= Tha Kham, Chumphon =

Tha Kham (ท่าข้าม) is one tambon (sub-district) in Tha Sae District, Chumphon Province, southern Thailand.

==History==
Tha Kham is a sub-district with a history that goes back to the reign of King Chulalongkorn (Rama V) in 1897. In those days, Phra Thep Chai Burin as a Tha Sae governor, Tha Kham, also known as Ban Tha Kham was lined along the Khlong Rap Ro canal between the temples Wat Nok, Wat Nai, and Wat Lahan.

Since the past, Tha Kham was a means of transportation between different places, which was a crossing pier. Hence the name "Tha Kham" came from the word "crossing pier" or "crossing road" until now.

Presently, Tha Kham continues to be important as a largest rest stop for both buses and private cars for those traveling between Bangkok and the southern provinces. It serves the restaurant, toilets and bathrooms, souvenir shops, convenience stores as well as prayer room, etc.

==Geography==
The terrain of Tha Kham is a plateau, consists of high and low hills, with a Khlong Rap Ro flowing through the area. Tha Kham is about 21 km (13 mi) from the Tha Sae District Office.

Neighbouring sub-districts are (from north clockwise): Tha Sae and Khuring, Rap Ro and Hin Kaeo, Hat Phan Krai, Na Kratam, respectively. All of them are in its district except Hat Phan Krai in the Mueang Chumphon District.

==Administration==
The area of the subdistrict is governed by Subdistrict Administrative Organization (SAO) Tha Kham (องค์การบริหารส่วนตำบลท่าข้าม).

==Economy==
Most of residents work in fruit gardening.

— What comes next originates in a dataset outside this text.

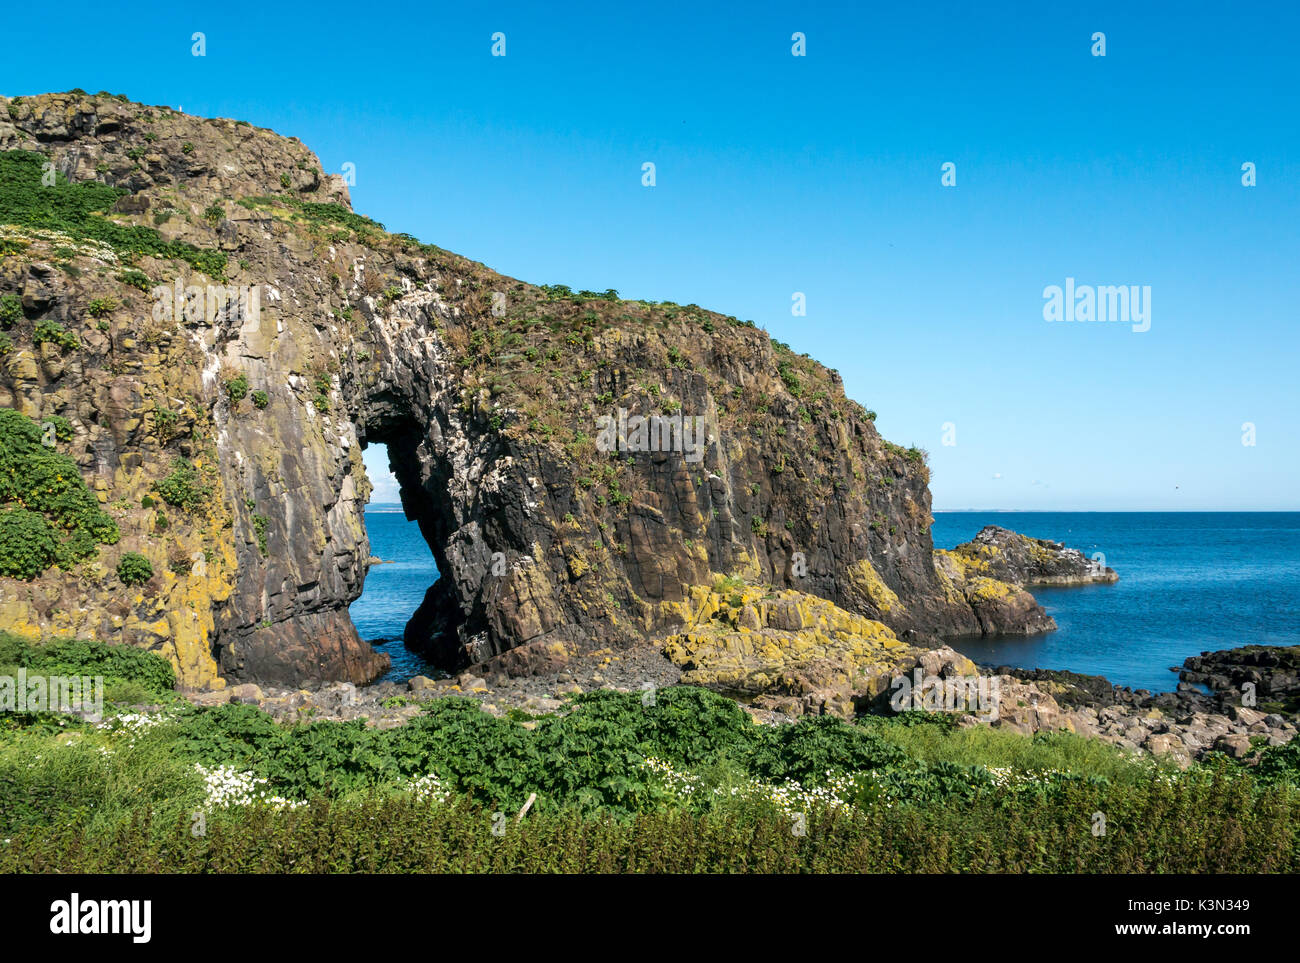 Looking through a natural sea worn arch called the ‘lady in the veil’, Fidra Island, Firth of Forth Scotland UK on a sunny day with blue sky Stock Photo

Employment is a part-time job.

==Transportation==
The area has convenient transportation to nearby districts, Mueang Chumphon District via Highway 4 (Phet Kasem Road), including continuity in the area and nearby sub-districts. Road of Tha Kham is a network divided into 5 asphalt roads, 86 non-asphalt roads, 3 asphalt concrete roads.